At least on first glance I am not seeing much that advances the ball - this seems to be the standard academic analysis that separates ataraxia as some kind of "fancy pleasure" in Elayne 's term, or something distinct from ordinary pleasure:Quote
Epicureanism takes pleasure as inextricably tied to the attainment of virtue. Yet, it can be argued that pleasure is not the sole motivation of his ethical theory. One may argue that the real motivation and desirable end for the Epicurean is achieving ataraxia. Ataraxia is the state absent of physical pain and mental disturbance. This introduces a notable distinction from common interpretations of Epicurean ethics, insofar as one may argue that Epicurus’ theory advances the notion that one need not actively seek out pleasure if one is not suffering physical pain or mental anguish. But, if ataraxia is the desired end for the Epicurean, what role, then, does pleasure play in this framework? Furthermore, we must now ask if ataraxia is at all tied to virtue.
Even to make the suggestion that "ataraxia [is] a necessary condition to allow for the pursuit of pleasure" indicates to me that the article is way off base:Quote
However, if we look to Epicurus’ Principal Doctrines, the third fragment seems to indicate that ataraxia is more than just a means. The fragment reads –
“3. The magnitude of pleasure reaches its limit in the removal of all pain. When pleasure is present, so long as it is uninterrupted, there is no pain either of the body or of the mind or of both together.”

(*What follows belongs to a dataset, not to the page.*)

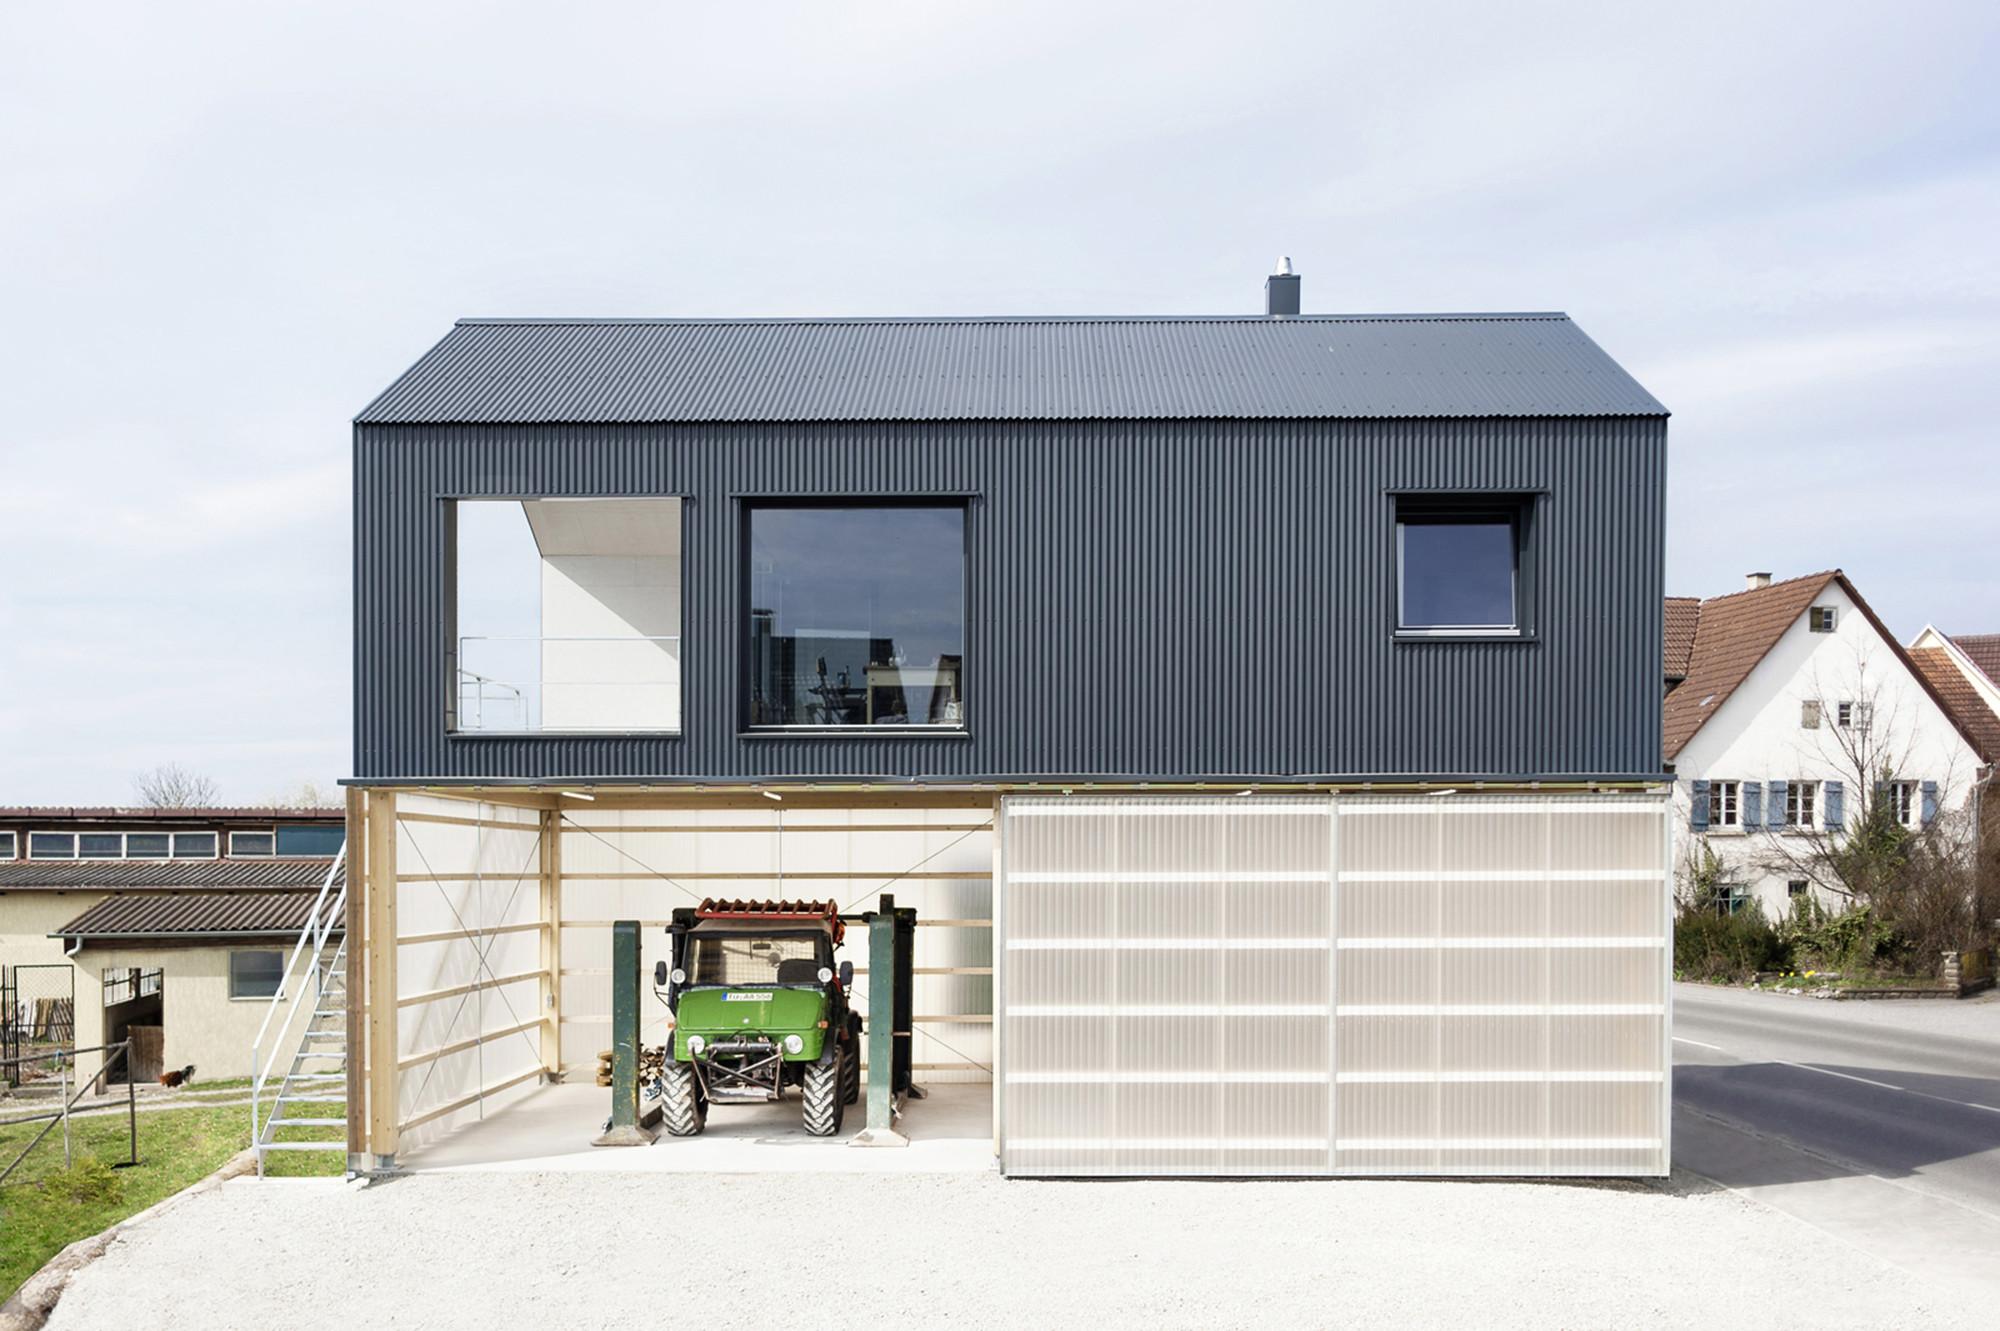 House Unimog / Fabian Evers Architecture, Wezel Architektur , © Sebastian Berger

One may interpret the fragment as clearly supporting ataraxia as a necessary condition to allow for the pursuit of pleasure. The fragment also seems to indicate that when pleasure is present and uninterrupted, one is free of physical pain and mental disturbance: one is in a state of ataraxia. Furthermore, the heights of pleasure can only be attained in absence of all pain, making ataraxia more than a mere state from which one can freely pursue pleasure. This creates an ambiguity around what the roles of both pleasure and ataraxia are in respect to virtue, both as distinct experiences, and, arguably, as a synergistic experience. What does this entail for the Epicurean?
Pretty much a waste of time - classic Okeefe-like analysis - "one need not pursue pleasure if one is not suffering from bodily pain and mental anguish."

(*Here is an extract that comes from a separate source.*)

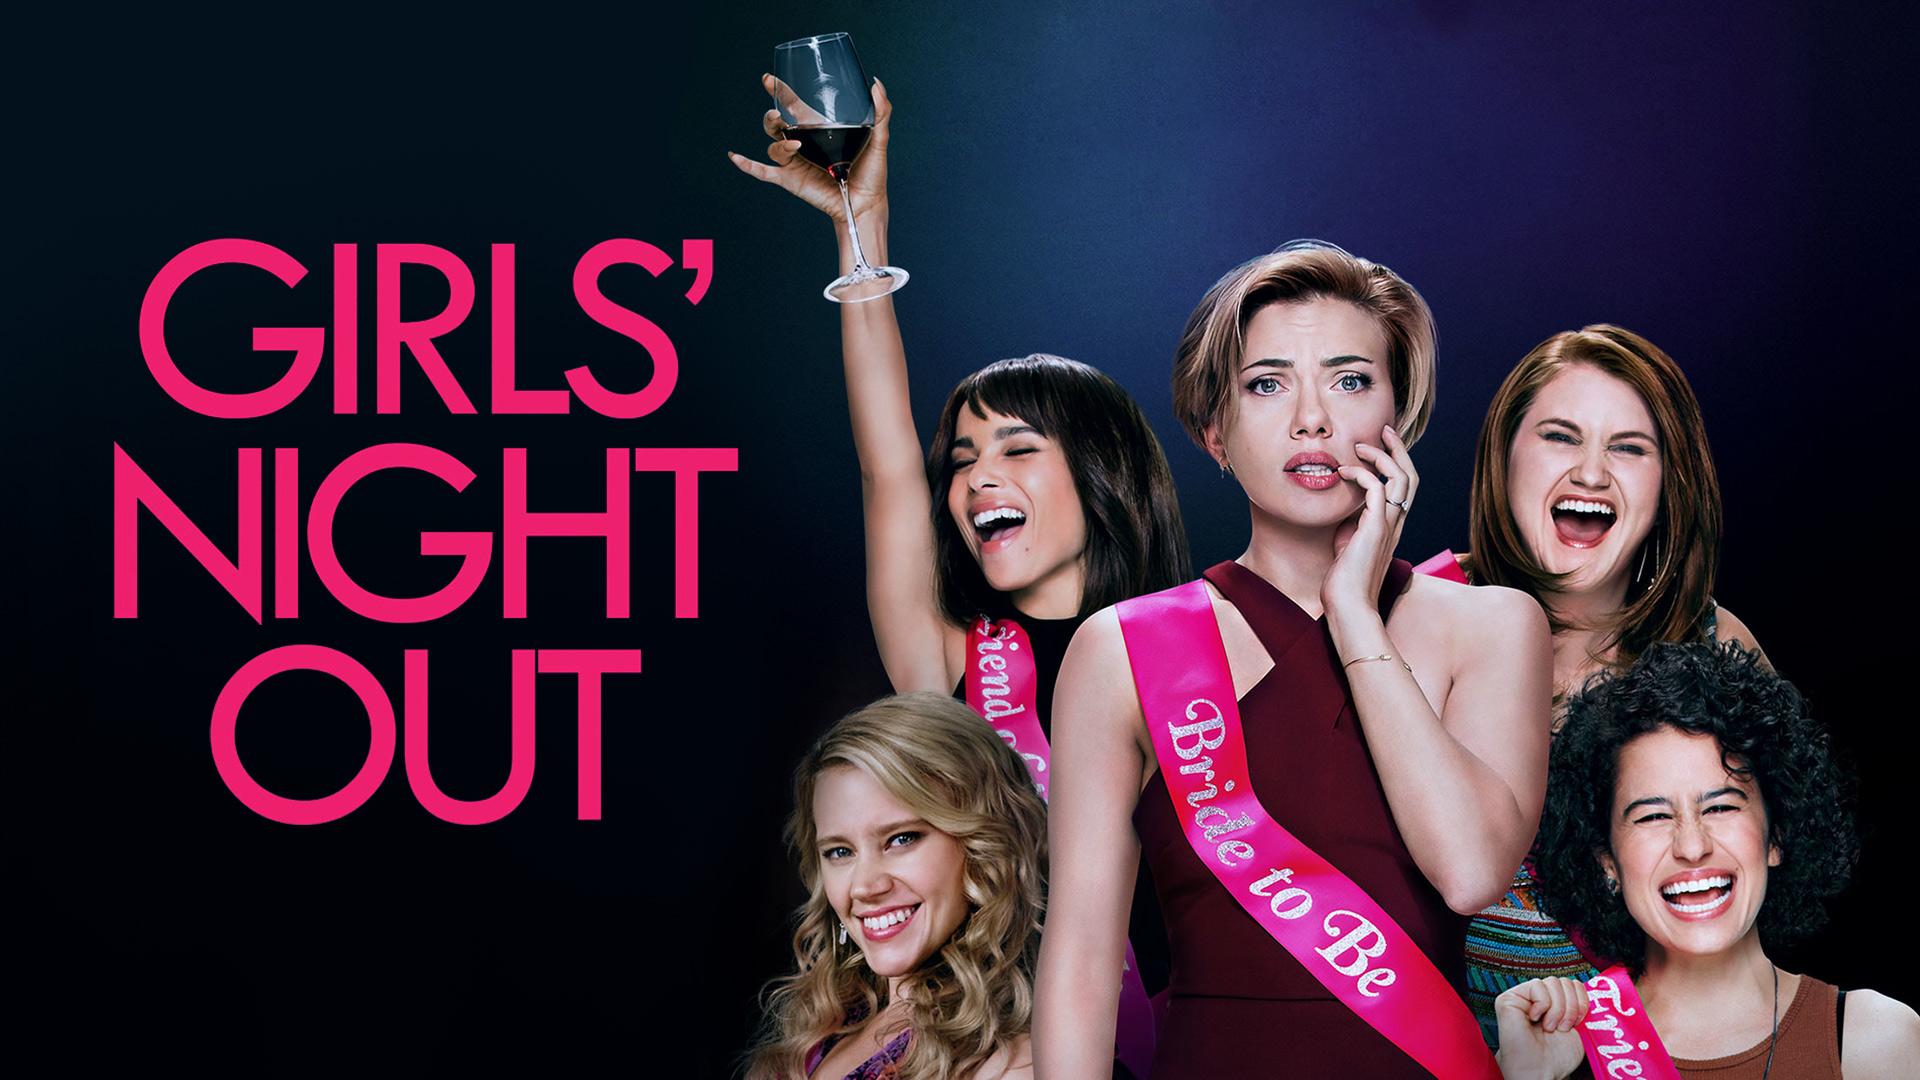 Girls' Night Out (4K UHD)
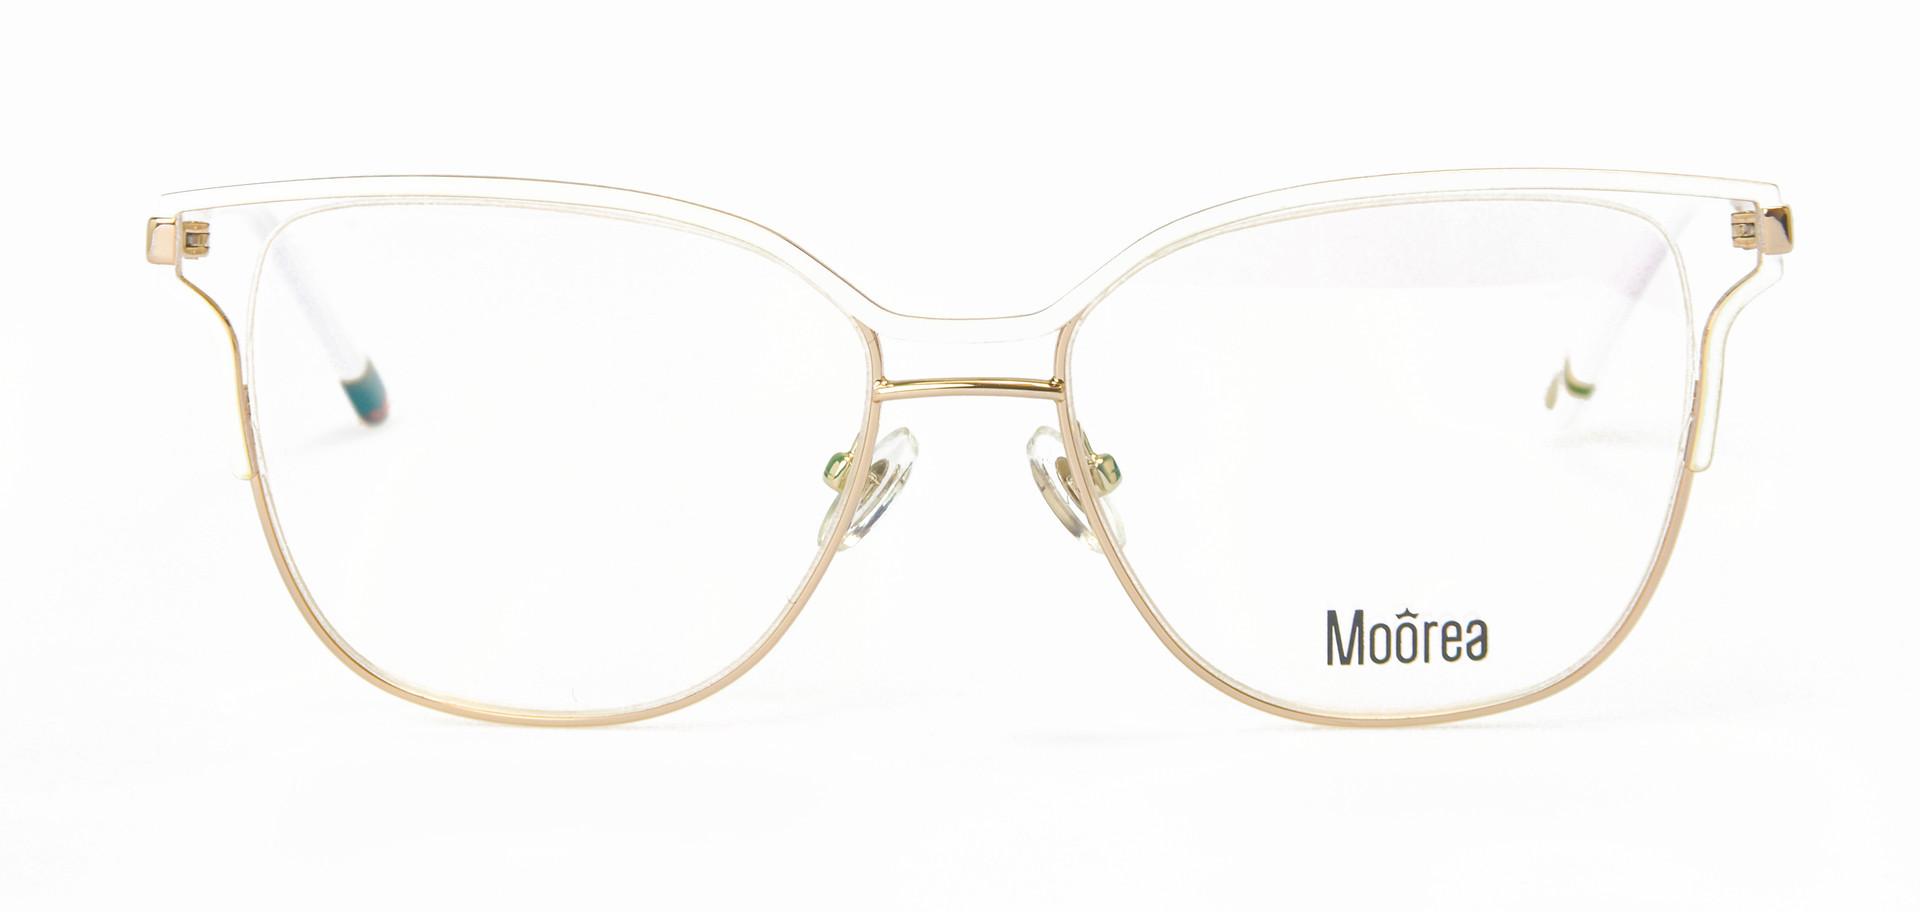 7r3-moorea 01

Although I am not sure I have seen even Okeefe go this far: "how it can be taken to convey the necessity of ataraxia in attaining the heights of pleasure."
And in the same misguided line by all means let's be sure to cite "the rational Soul" as the key to tempering pleasure and achieving happiness: "one must use their rational soul to temper and moderate their desires. And that through doing this, one attains ataraxia, which then allows one to embark on the unimpeded pursuit of pleasure."

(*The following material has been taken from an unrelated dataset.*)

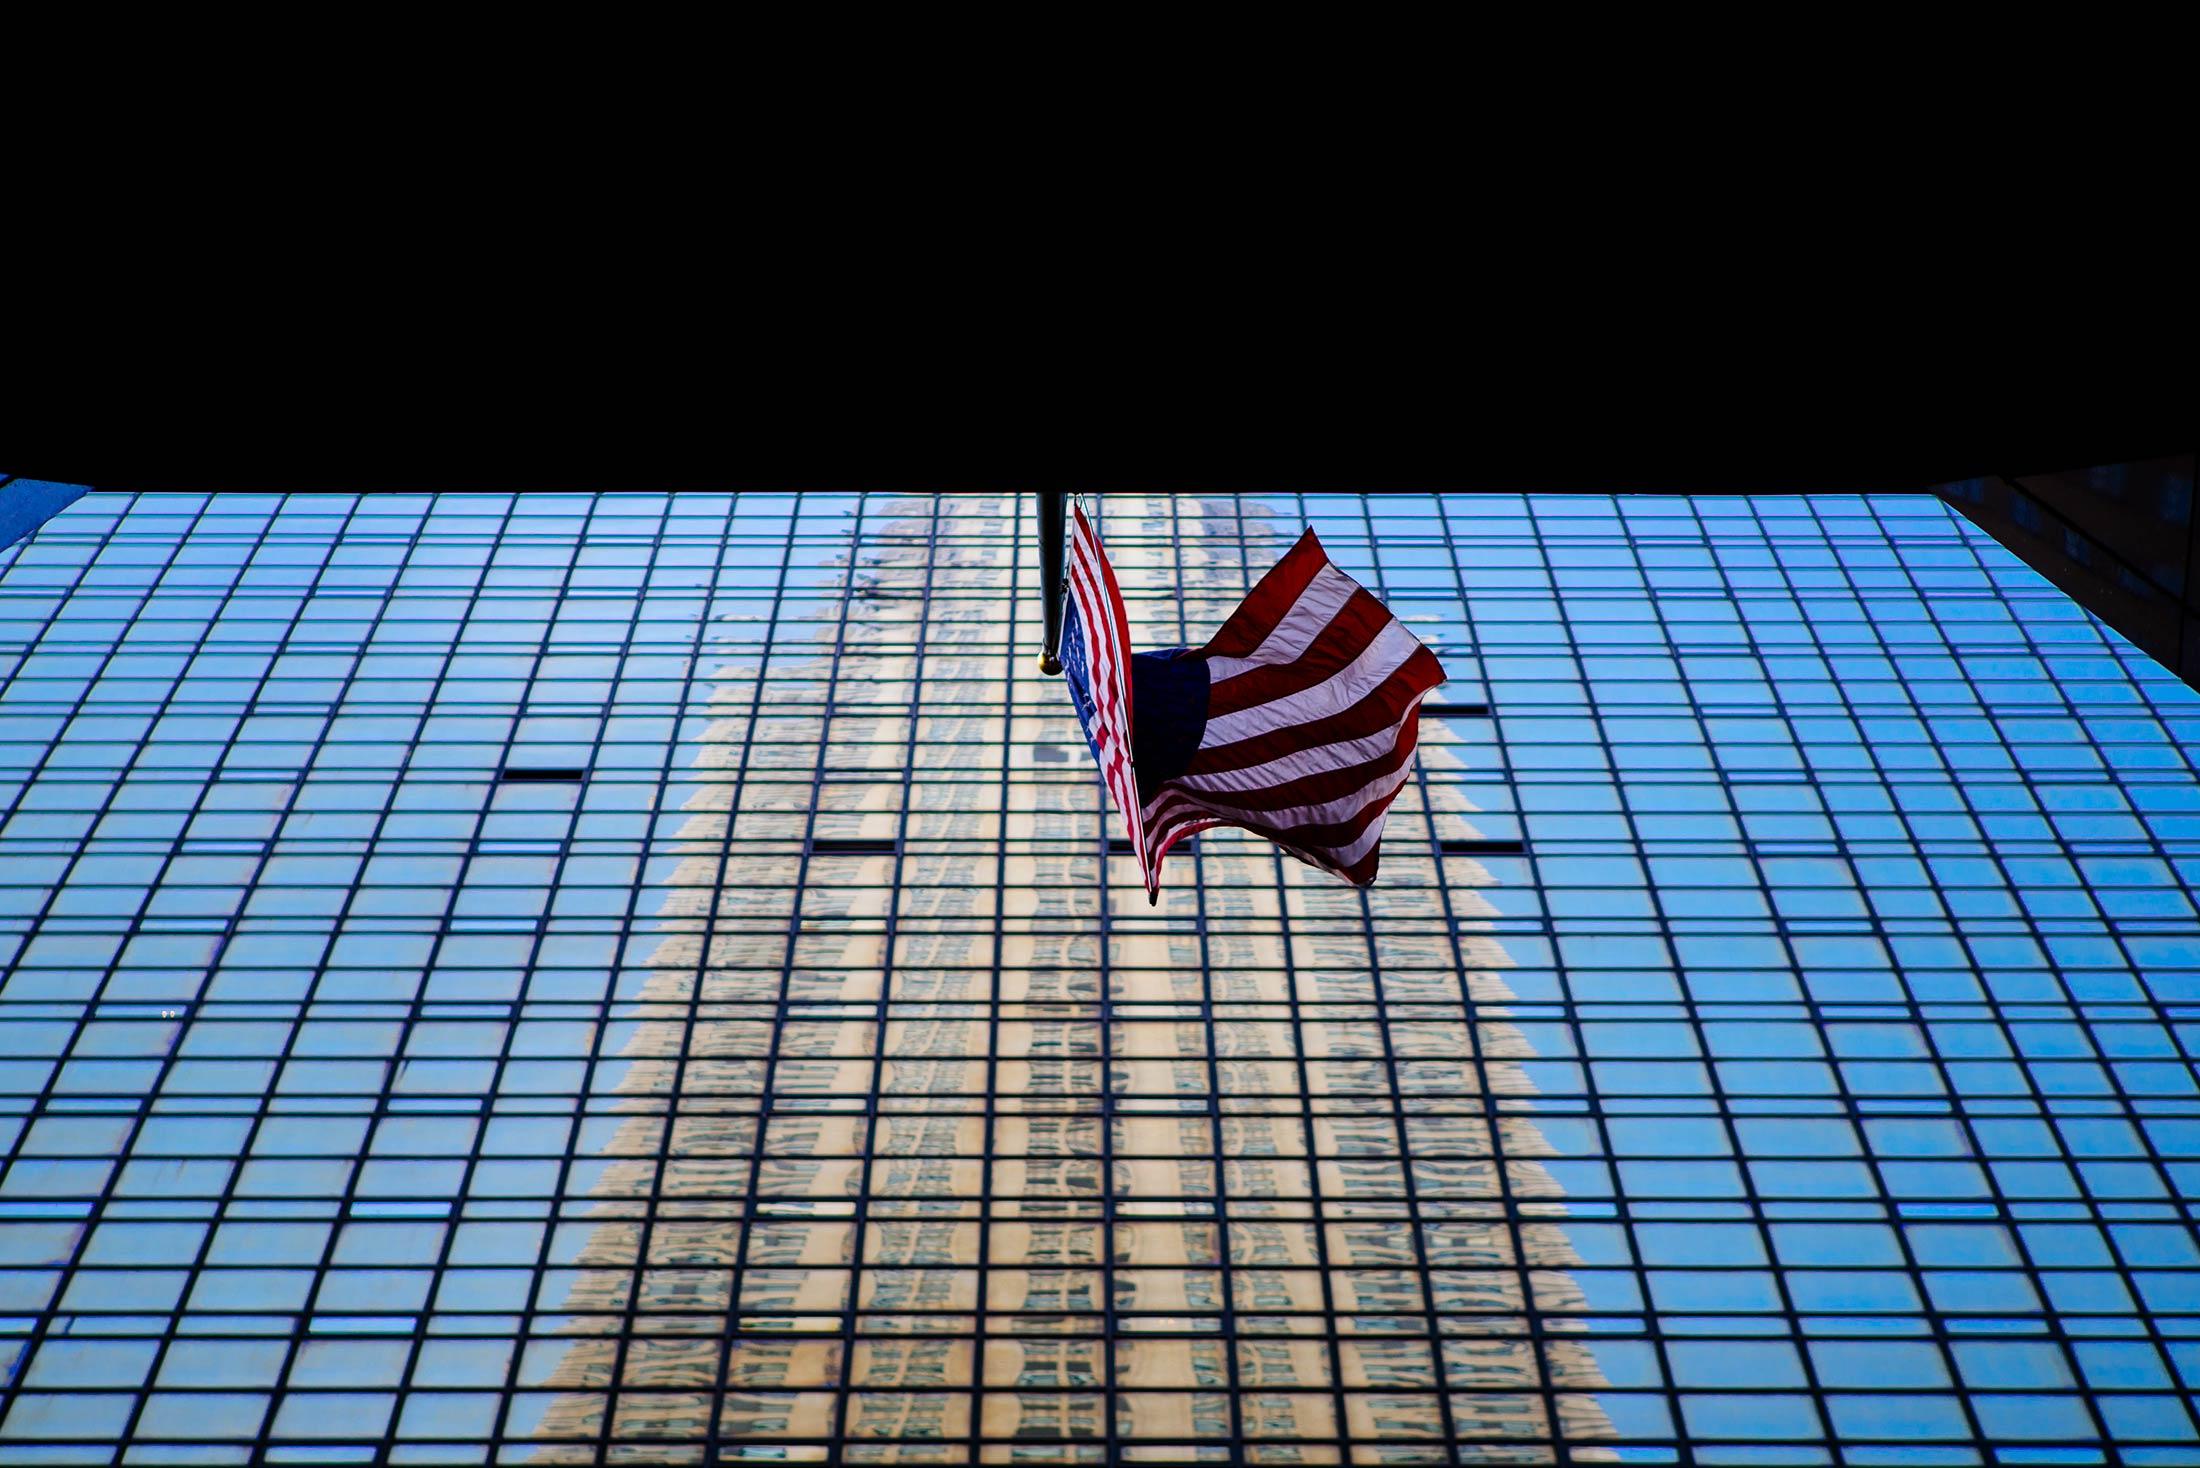 NYC_NewYorkCity_06-Mitja_Schneehage

I would say in regard to the final conclusion that the essay is effective in one thing: showing the dead end that Epicurean philosophy would be if the standard academic interpretation of it were correct - which is presumably exactly the result that Cicero wanted when he help launch this line of argument in the first place.Quote
This essay set out with the intention to critically discuss the notion of ataraxia in Epicureanism on two fronts. Firstly, that ataraxia is an instrumental virtue and, secondly, that it is part of a unique type of synergy which reflects a dualism in Epicurus’ thought. This was achieved by discussing through three sections, the notion that pleasure is a two-fold phenomenon, and what this entailed for the Epicurean conception of virtue qua pleasure as a good in itself.
The first section began with a brief discussion positioning Epicurus’ ethics within his atomism. Following this, I introduced ataraxia in its common conception in Epicurean ethics, making the important point that one need not pursue pleasure if one is not suffering from bodily pain and mental anguish. Hypothetically positing ataraxia, in this sense, as an end, the discussion then ventured into examining how ataraxia is tied to virtue by first exploring the third fragment of Epicurus’ Principal Doctrines, and how it can be taken to convey the necessity of ataraxia in attaining the heights of pleasure. Subsequently, this section critically considered the placement of ataraxia and pleasure, both as distinct phenomena and as a synergised phenomenon, in the Epicurean categories of desire. This hinted at the possibility that pleasure needs to be considered as a synergy as an end of Epicurean ethics. A brief discussion on the hedonistic elements of Epicureanism concluded the section, tentatively establishing the ataraxia is necessary to attaining pleasure for the Epicurean.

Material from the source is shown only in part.